Oppositions of force.

I climb up on top of the fort and step as close as possible to the edge, looking straight down into the water.


At least a few hundred foot drop, but you can still smell the brackish water.

The rocks below would easily take me.

But I stand at the edge and look straight down anyway.

How much discomfort can I handle?

Because if you want this view, you have to handle these heights.

If you want this life, you have to handle how vulnerable you are to death.

Because that drop and those rocks don’t care one iota about me or my status or condition.

The drop will pull you, the rocks will stop you suddenly, and the water will take you away with the tide.

These things don’t care who you are or what you have done.

So get comfortable with that, amigos.

Don’t be afraid of the edge, but don’t lose respect for the edge.

Walking that razor’s edge Maugham talked about.


I look out over the Throgs Neck Bridge and watch the Sunday traffic hustling back into the city, everyone looking to beat the rush. So much so, they become the rush.

The bridge runs across the bay as a blissfully futuristic construct in stark contrast to the Civil War citadel I stand atop. Like a divide between centuries.

We are capable of such innovation and such cruelty. Our capacity to build wonderment and also enslave another people. To save life and also fight war.

We are an extraordinary contradiction.

A fucking house divided.


And then I hear parents walking their children through the tunnels and passages that weave through the structure.

The sound of complete abandon as daughters call to their fathers and sons call to their mothers. Asking how high are the walls and how old are the stones. Asking what it all means and how it all was made.


I listen to the them and wonder if that’s what God hears when we’re asking question after question, running amok through the halls and passageways.

What does it all mean and why are we here?

Tell us why we have to have good/evil, light/dark, profundity/profanity.


How high and how old?

Can’t it all just make sense?

I weave back through the underside of the battery.

Light continues to find its way in to take away some of the darkness.


Because it always does.

Just like darkness always finds its way in to steal some of the light.

Opposition of forces.

If we need some sort of truth, we can probably hear it somewhere at the edge between the opposing fronts.

But we have to stand at the edge. And not everyone wants to stand there. Because we can see the drop right in front of us and we can see the rocks and we can see the water. And we can see that the fall and the sudden stop simply don’t give two shits about us and our status and condition. Human Condition is a luxury the drop and the sudden stop don’t have time for.

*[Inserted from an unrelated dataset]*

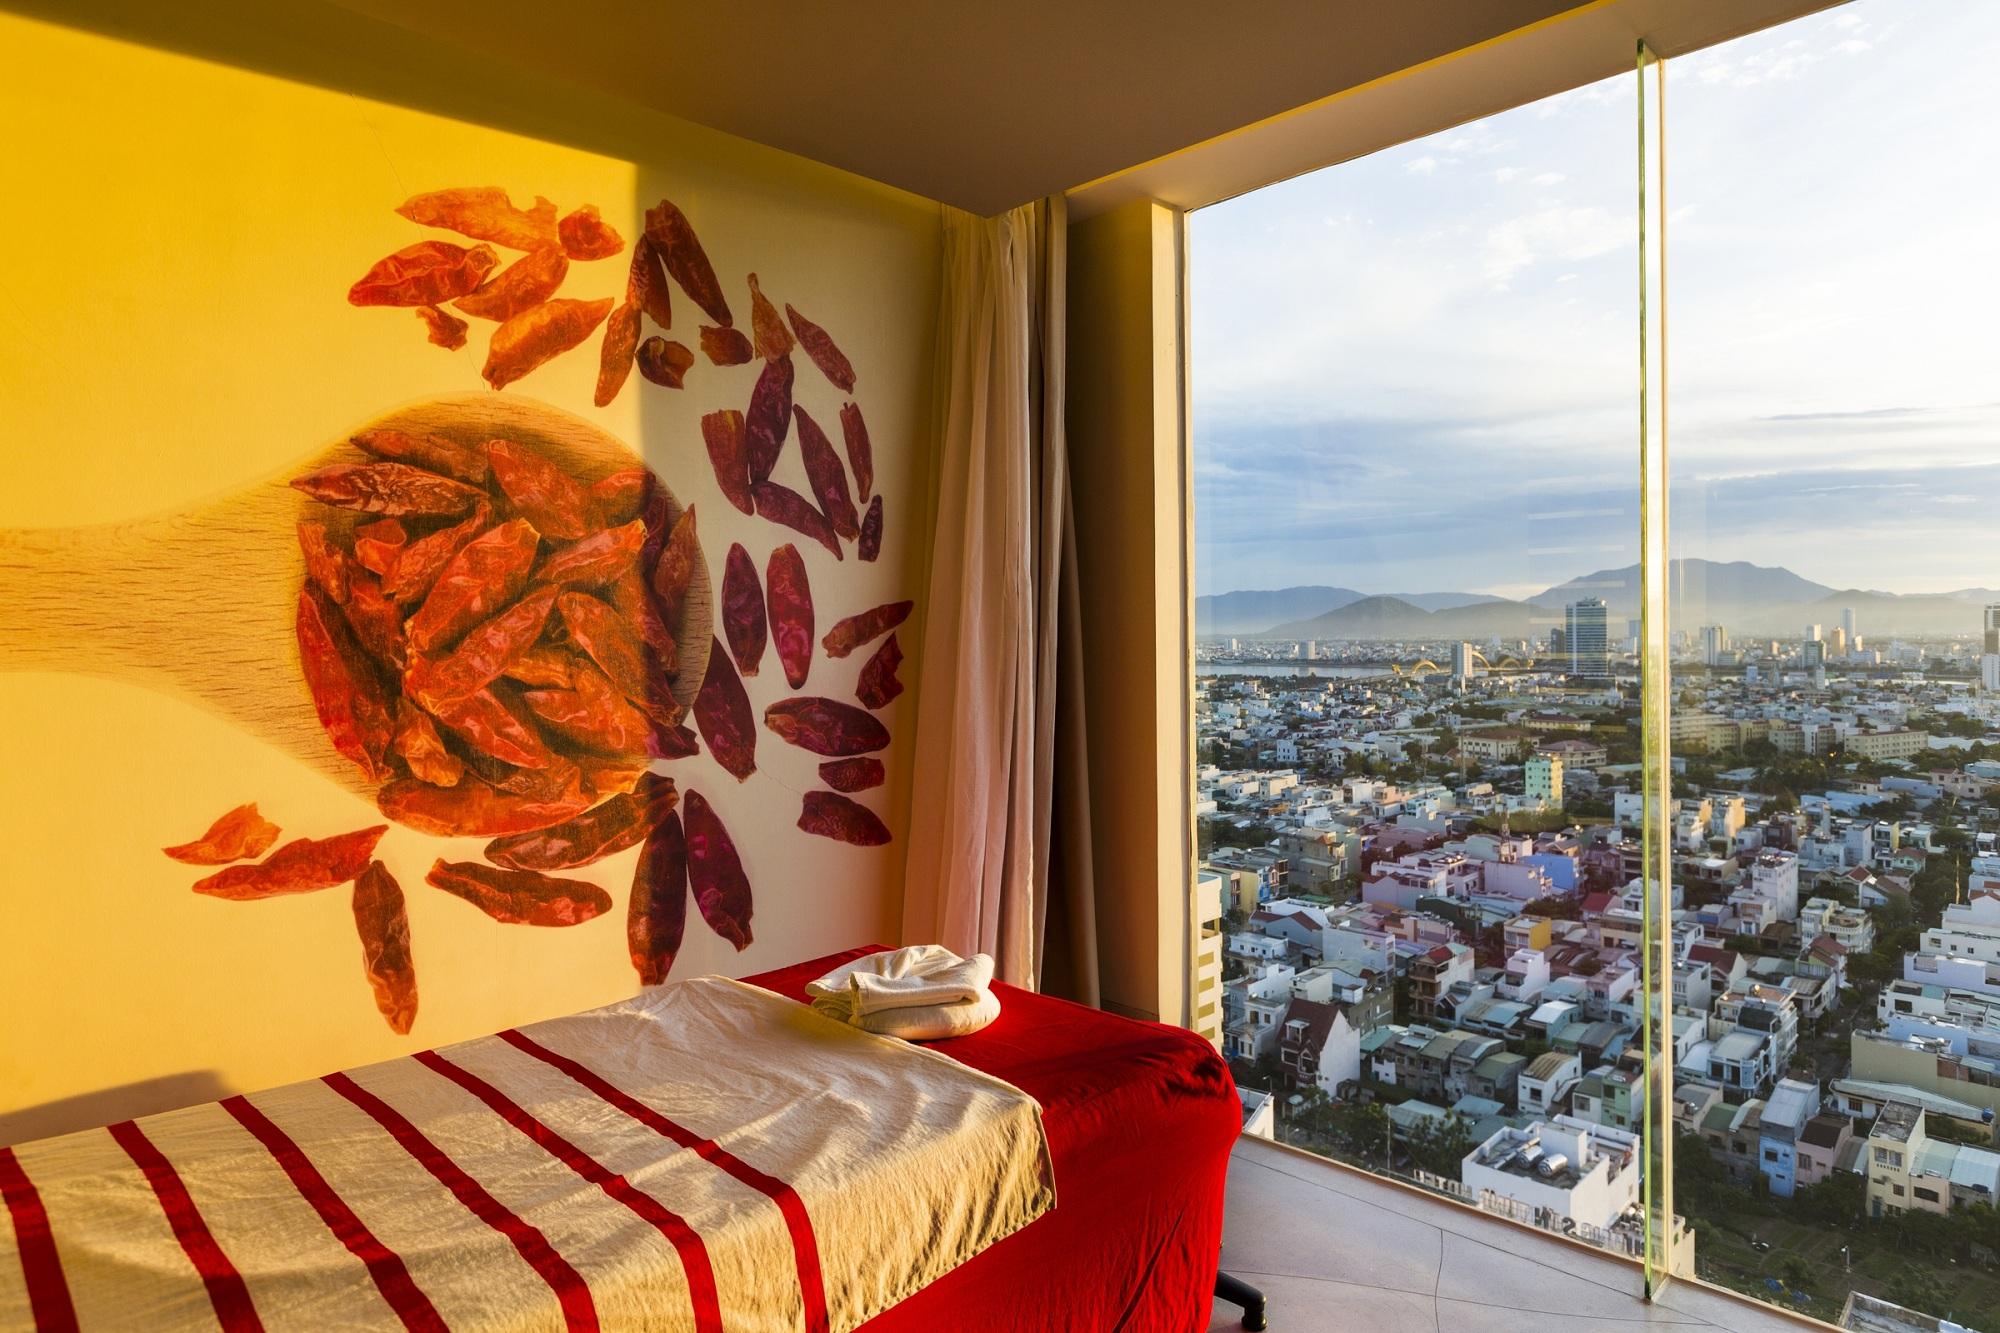 Spice Spa A La Carte Danang Beach Hotel 200 Vo Nguyen Giap Danang Fantasticity Com 06

Find your comfort at the edge if you want any truth whispered to you from the dried and chapped lips of the elusive and ethereal being that conjures all of this up in the middle of the night whenever everyone else is sleeping. Like sensible people.

But sensible people don’t stand at the edge of opposing forces trying to hear what is being said.

That’s for the likes of the mad clairvoyant from JULIUS CAESAR.

Brutus should have heeded the madman’s words the first time.

Beware the Ides of March.

You want to know how to find any solace inside this house divided?

How close can you stand to the edge, amigos?